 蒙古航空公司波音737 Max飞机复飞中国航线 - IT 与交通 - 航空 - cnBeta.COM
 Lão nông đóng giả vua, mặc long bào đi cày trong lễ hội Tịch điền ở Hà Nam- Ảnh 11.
--
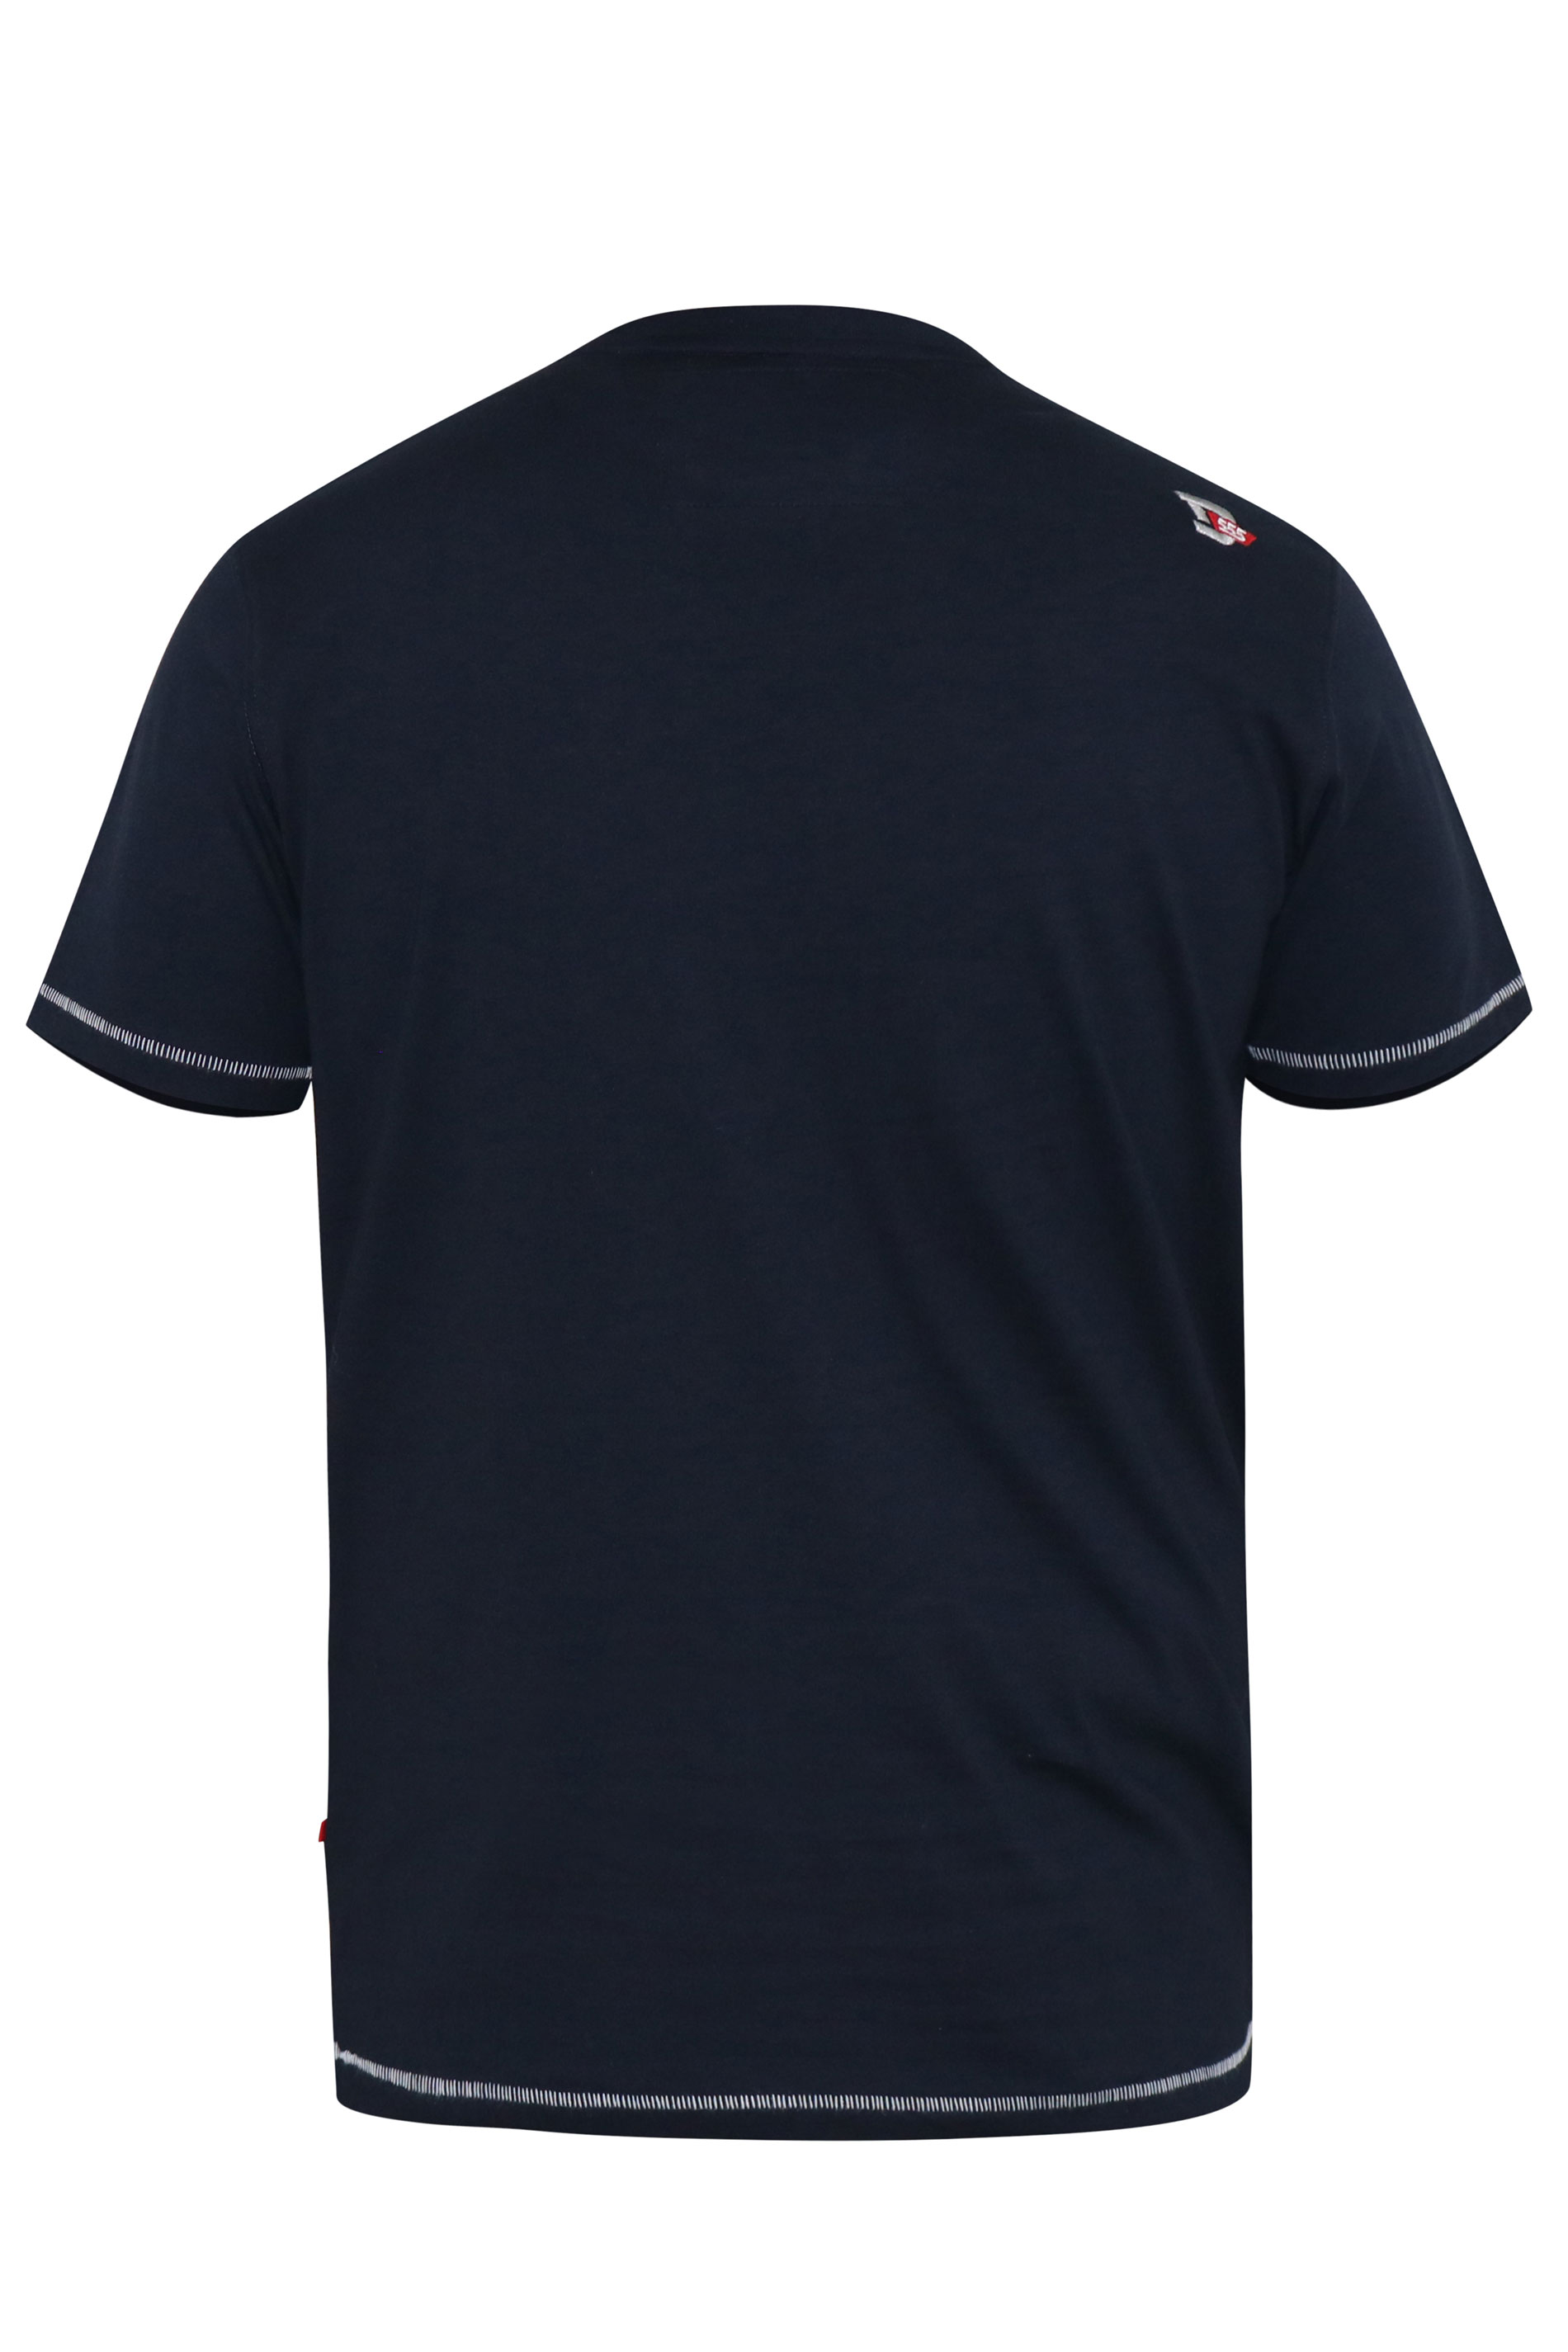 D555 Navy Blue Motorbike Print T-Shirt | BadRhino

**The problem:** With the first line being the one containing "蒙古航空公司波音737 Max飞机复飞中国航线 - IT" and the last line the one containing "Lão nông đóng", transcribe exactly the lines above that fall in that range.

**Final answer:**
 蒙古航空公司波音737 Max飞机复飞中国航线 - IT 与交通 - 航空 - cnBeta.COM
 Lão nông đóng giả vua, mặc long bào đi cày trong lễ hội Tịch điền ở Hà Nam- Ảnh 11.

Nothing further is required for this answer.